SAP, promising transformation, kicks off cloud computing push

FILE PHOTO: The logo of German software group SAP is pictured at its headquarters in Walldorf, Germany, May 12, 2016. REUTERS/Ralph Orlowski

BERLIN (Reuters) - Christian Klein, CEO of German software group SAP, on Wednesday launched a campaign to encourage customers to move operations to the cloud, a shift that has brought short-term pain to investors but one that he hopes will pay off over time.

Klein, 40, in sole charge at SAP since April, has adopted a subscription-based service model that generates predictable revenue rather than the lumpy up-front cash flows from software licences.

SAP - the leading provider of "mission-critical" apps that 400,000 firms use to run finance, personnel, logistics and e-commerce - has traditionally run software in on-premise servers powered by its proprietary database.

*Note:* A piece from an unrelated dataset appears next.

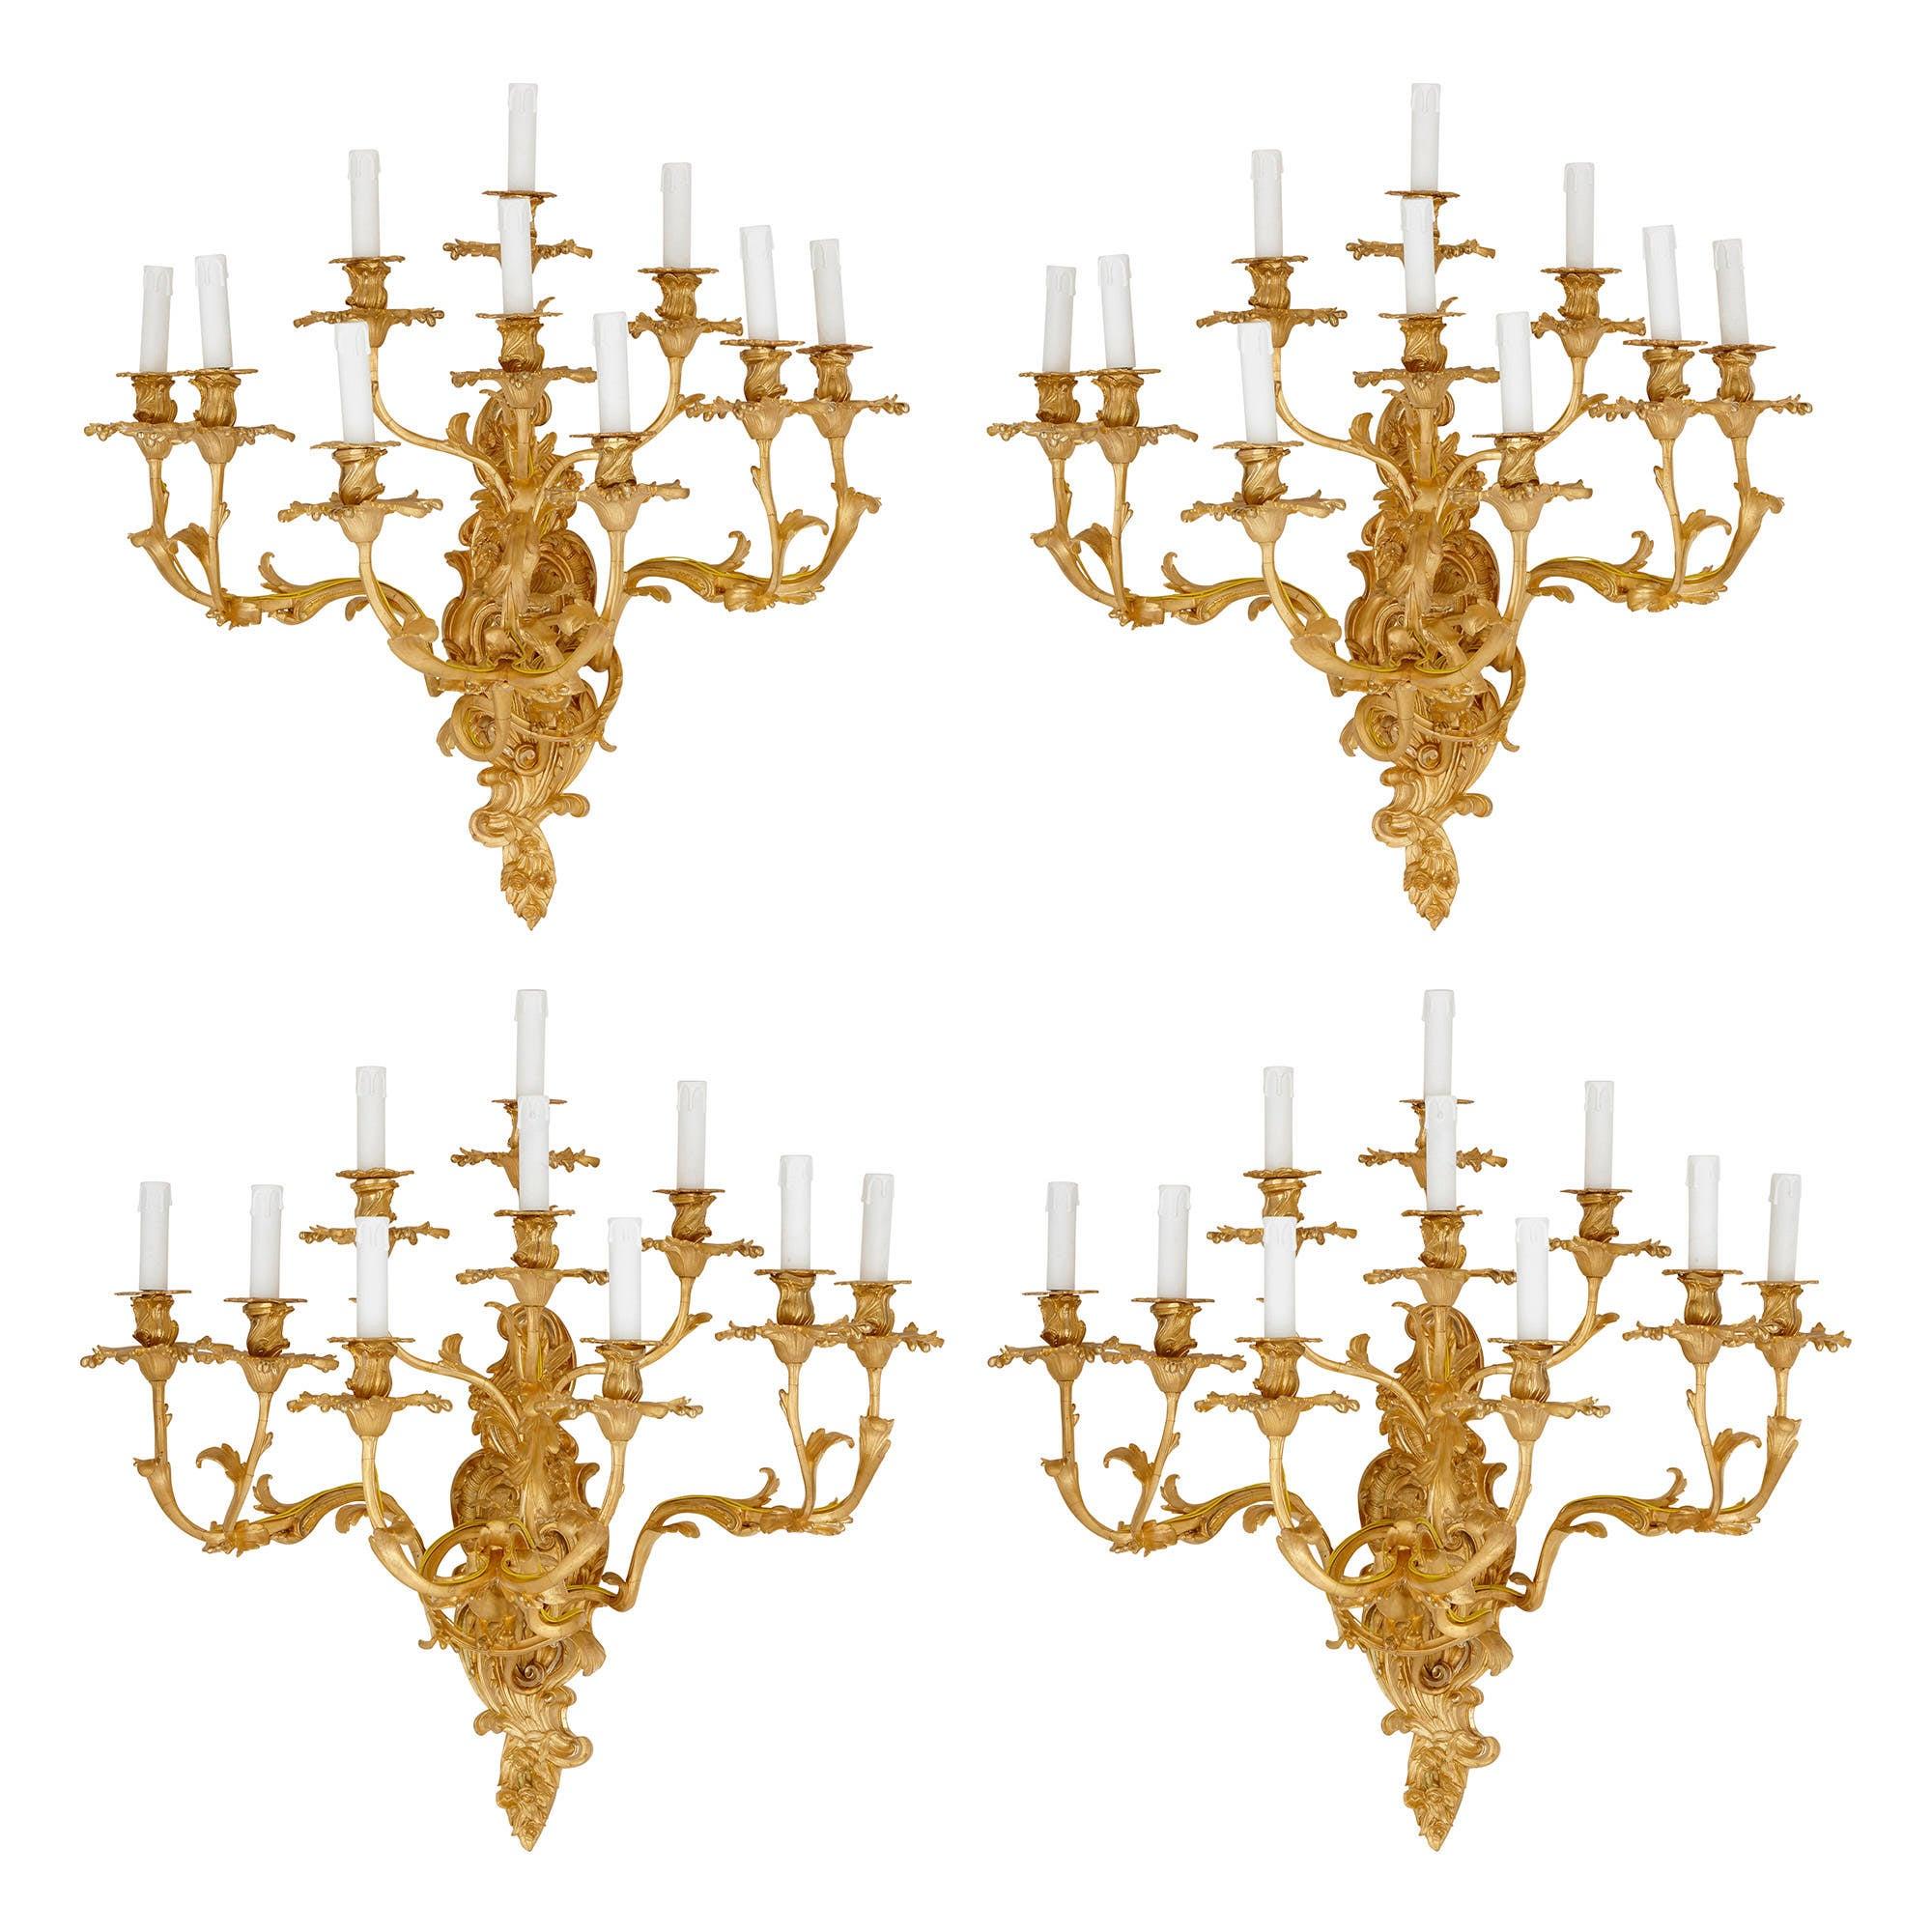 Four Antique Rococo Style Gilt Bronze Wall Sconces For Sale
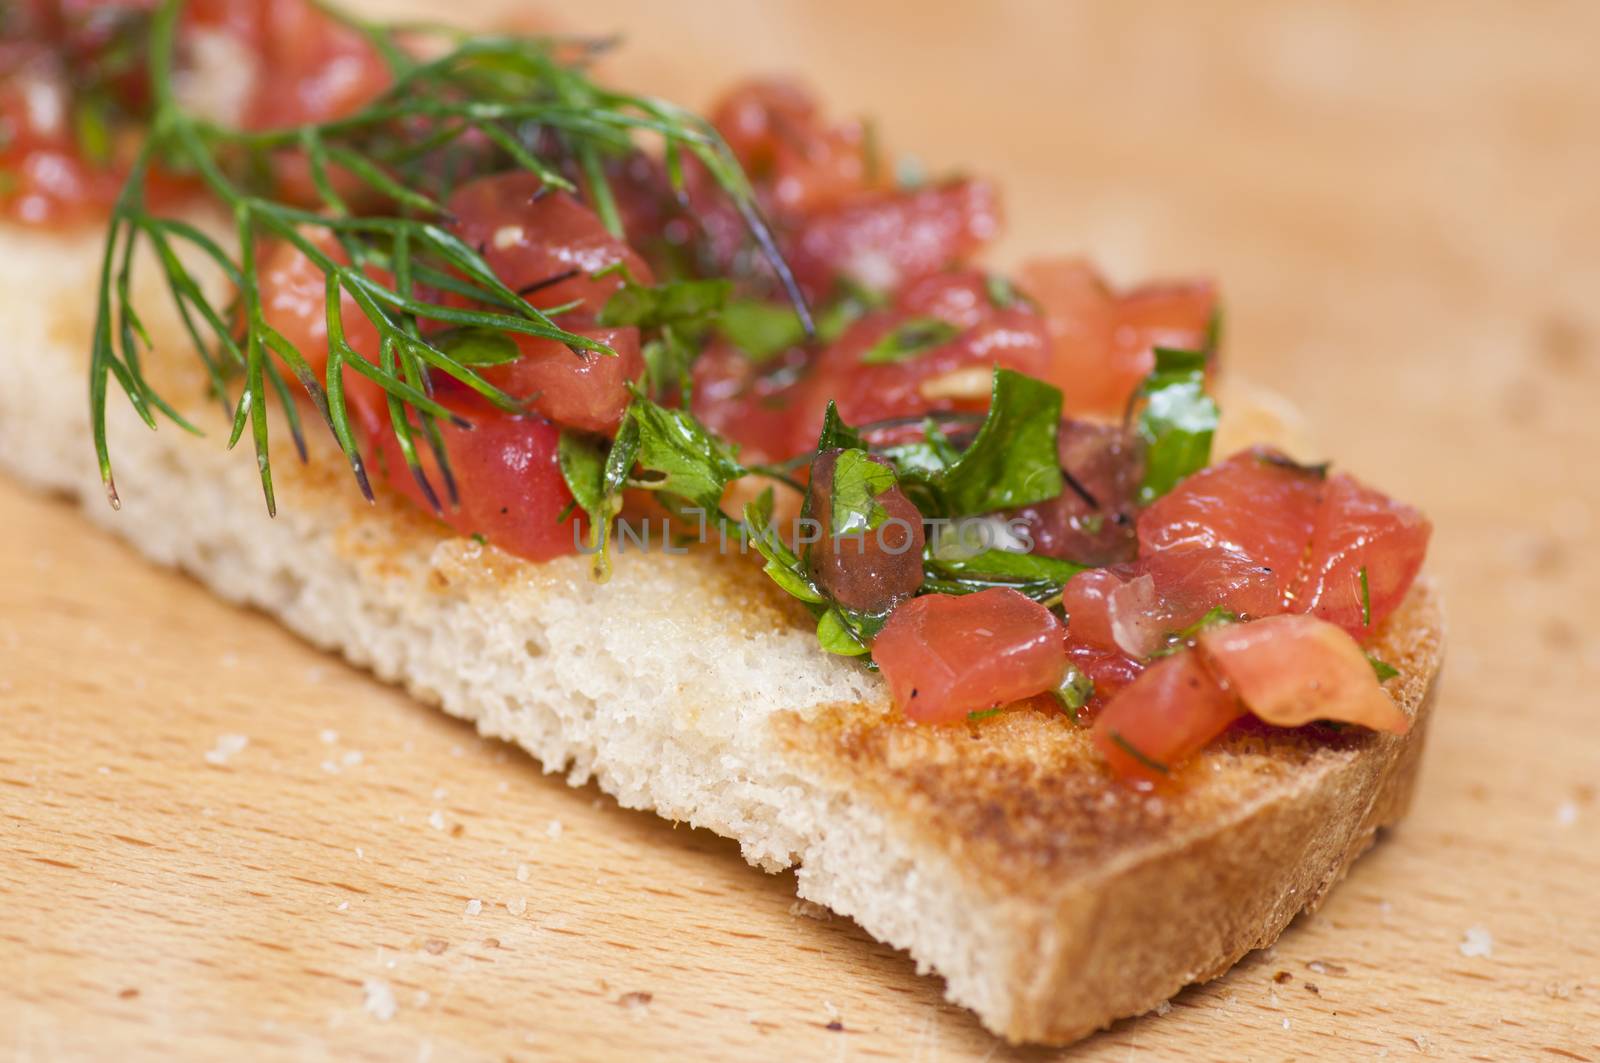 Italian bruschetta topped with tomatoes and dill

Now it is promoting a version of its latest S/4 HANA data engine that is hosted on remote cloud servers, offering improved connectivity with its own apps and - should customers choose - those of its competitors.

Ahead of the launch event, called "Rise with SAP", Klein pitched the idea of a deeper transformation that would empower clients like industrial group Siemens to redesign business processes from end to end.

"It's much more than just a technical migration," Klein told reporters in a briefing. "They want to change how their enterprise functions."

As an additional teaser, SAP is offering enhanced business process intelligence functionality to crunch data and analyse whether companies are configuring operations in the most efficient way.

SAP said it was taking over Berlin-based tech startup Signavio, adding a "cloud-native" dimension to its ability to help customers "understand, improve, transform and manage their business processes at scale".

Terms were not disclosed for the deal, expected to close in early 2021 subject to regulatory approvals. Bloomberg, which first reported the deal, cited sources as saying it valued Signavio at around 1 billion euros ($1.2 billion).

Klein abandoned his medium-term profit goals last autumn when he announced SAP's cloud pivot, cautioning that its business would take longer than expected to recover from the coronavirus pandemic.

That announcement, which came with a third-quarter earnings miss, sparked the biggest drop in SAP shares in a generation, causing SAP to lose its mantle as Europe's most valuable technology company.

Management upheaval has persisted into 2021 with top customer support executive Adaire Fox-Martin departing earlier this month when SAP reported preliminary 2020 results ahead of schedule.